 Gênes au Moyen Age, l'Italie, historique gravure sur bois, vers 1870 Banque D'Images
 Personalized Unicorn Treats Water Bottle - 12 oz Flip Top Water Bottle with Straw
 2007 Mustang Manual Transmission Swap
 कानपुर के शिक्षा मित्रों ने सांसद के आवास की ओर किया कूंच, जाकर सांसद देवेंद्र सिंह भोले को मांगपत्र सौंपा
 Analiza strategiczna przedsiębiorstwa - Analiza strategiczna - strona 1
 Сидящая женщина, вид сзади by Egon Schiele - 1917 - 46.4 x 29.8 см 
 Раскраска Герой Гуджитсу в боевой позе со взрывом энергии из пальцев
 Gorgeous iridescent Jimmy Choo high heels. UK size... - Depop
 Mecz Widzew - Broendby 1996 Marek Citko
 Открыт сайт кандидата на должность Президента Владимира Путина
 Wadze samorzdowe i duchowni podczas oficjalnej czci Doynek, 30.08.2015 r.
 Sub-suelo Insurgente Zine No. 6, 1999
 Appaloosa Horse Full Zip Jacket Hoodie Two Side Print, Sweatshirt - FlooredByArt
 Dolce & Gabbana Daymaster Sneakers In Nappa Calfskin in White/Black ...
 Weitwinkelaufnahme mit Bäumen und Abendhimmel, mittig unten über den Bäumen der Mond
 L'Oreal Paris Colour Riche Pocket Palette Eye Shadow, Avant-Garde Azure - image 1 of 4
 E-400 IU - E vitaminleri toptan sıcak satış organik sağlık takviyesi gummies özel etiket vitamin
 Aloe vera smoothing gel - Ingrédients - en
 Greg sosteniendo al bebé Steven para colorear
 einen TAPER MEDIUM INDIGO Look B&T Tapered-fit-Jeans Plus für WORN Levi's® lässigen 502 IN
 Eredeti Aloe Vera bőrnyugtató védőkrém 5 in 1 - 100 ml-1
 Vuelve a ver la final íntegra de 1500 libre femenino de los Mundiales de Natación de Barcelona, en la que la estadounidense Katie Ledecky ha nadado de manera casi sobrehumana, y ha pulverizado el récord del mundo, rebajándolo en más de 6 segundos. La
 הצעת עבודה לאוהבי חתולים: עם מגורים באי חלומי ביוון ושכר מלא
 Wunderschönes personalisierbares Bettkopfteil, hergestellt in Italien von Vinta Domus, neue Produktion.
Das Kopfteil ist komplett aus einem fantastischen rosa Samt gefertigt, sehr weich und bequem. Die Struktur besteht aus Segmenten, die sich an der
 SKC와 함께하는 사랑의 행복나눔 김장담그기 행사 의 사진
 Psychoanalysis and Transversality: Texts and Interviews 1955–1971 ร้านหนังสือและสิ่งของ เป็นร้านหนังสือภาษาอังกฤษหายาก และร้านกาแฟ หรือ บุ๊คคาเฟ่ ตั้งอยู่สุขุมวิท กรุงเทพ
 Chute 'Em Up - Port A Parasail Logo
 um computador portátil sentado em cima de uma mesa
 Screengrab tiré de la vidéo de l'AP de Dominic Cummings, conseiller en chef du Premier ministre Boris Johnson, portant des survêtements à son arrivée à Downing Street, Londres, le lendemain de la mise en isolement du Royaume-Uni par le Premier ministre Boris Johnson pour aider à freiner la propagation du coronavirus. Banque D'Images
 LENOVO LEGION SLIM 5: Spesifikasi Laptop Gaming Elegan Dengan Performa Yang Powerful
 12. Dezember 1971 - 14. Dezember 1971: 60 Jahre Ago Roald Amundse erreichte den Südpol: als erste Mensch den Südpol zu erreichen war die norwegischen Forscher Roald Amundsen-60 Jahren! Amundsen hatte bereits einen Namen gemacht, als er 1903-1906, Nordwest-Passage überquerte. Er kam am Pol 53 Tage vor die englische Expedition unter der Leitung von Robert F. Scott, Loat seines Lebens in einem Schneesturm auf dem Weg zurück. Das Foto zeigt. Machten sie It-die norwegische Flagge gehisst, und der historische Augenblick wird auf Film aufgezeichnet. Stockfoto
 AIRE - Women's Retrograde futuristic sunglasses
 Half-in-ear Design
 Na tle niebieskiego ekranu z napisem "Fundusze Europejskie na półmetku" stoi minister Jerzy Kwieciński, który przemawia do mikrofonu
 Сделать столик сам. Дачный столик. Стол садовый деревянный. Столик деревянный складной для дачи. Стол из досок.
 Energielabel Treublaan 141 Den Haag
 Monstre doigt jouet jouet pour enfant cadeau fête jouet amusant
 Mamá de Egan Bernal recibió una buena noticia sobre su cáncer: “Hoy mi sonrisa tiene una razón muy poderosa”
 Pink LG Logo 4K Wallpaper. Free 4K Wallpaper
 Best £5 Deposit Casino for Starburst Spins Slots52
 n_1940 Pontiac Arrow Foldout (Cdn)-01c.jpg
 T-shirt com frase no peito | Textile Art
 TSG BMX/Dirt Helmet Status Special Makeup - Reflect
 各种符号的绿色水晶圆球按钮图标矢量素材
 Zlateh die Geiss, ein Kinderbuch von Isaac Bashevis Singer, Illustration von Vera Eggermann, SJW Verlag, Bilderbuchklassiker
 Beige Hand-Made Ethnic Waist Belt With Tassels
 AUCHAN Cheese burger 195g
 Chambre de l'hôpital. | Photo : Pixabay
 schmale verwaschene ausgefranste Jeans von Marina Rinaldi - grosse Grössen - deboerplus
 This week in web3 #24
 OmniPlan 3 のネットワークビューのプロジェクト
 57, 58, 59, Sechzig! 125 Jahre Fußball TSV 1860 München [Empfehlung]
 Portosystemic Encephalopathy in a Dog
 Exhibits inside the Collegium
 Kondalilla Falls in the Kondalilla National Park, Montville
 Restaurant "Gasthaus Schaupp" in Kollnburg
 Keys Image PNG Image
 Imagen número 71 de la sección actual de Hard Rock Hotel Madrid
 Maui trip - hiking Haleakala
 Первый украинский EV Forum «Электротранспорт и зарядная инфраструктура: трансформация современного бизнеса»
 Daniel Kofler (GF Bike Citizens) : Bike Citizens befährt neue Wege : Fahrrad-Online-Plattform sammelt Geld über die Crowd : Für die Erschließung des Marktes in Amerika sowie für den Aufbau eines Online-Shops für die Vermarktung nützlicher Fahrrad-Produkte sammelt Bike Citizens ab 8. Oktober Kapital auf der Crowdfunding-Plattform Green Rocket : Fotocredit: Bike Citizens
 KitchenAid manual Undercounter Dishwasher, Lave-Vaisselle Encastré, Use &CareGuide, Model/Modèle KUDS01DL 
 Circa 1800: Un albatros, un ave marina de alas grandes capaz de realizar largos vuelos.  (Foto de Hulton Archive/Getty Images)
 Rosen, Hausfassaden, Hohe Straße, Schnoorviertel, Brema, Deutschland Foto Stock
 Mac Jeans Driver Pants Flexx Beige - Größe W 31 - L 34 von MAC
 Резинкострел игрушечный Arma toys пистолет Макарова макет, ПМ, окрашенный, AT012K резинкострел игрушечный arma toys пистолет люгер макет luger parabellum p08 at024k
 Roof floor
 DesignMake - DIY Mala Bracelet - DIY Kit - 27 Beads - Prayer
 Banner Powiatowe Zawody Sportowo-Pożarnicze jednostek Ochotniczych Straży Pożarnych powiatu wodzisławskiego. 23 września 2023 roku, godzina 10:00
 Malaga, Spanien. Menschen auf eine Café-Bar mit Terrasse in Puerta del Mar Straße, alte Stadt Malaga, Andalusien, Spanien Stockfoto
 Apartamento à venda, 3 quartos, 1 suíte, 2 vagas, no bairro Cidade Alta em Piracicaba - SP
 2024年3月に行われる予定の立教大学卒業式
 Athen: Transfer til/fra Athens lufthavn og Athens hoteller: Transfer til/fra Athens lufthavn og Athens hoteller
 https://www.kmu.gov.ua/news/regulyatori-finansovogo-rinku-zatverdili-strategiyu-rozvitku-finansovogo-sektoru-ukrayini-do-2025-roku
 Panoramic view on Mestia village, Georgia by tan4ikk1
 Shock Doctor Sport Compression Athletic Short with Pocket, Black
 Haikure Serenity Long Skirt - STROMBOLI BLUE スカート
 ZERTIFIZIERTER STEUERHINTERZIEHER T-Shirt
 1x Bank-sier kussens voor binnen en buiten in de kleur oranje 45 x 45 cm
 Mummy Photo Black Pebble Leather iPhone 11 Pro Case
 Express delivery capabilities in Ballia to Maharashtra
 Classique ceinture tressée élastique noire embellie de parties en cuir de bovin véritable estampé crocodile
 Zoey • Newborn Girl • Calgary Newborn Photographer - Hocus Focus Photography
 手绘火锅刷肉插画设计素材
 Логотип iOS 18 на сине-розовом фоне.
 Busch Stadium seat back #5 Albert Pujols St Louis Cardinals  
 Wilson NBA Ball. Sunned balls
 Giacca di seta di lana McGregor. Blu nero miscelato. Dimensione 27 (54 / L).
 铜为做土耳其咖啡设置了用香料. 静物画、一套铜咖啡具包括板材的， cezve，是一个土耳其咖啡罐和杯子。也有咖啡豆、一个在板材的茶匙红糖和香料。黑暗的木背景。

★ ★ ★

WHAT YOU NEED TO DO: Set down each line exactly as it appears, starting at the top of the data and ending at the line containing "Сидящая женщина, вид", and include no other lines.

RESPONSE TO THE EXERCISE:
 Gênes au Moyen Age, l'Italie, historique gravure sur bois, vers 1870 Banque D'Images
 Personalized Unicorn Treats Water Bottle - 12 oz Flip Top Water Bottle with Straw
 2007 Mustang Manual Transmission Swap
 कानपुर के शिक्षा मित्रों ने सांसद के आवास की ओर किया कूंच, जाकर सांसद देवेंद्र सिंह भोले को मांगपत्र सौंपा
 Analiza strategiczna przedsiębiorstwa - Analiza strategiczna - strona 1
 Сидящая женщина, вид сзади by Egon Schiele - 1917 - 46.4 x 29.8 см 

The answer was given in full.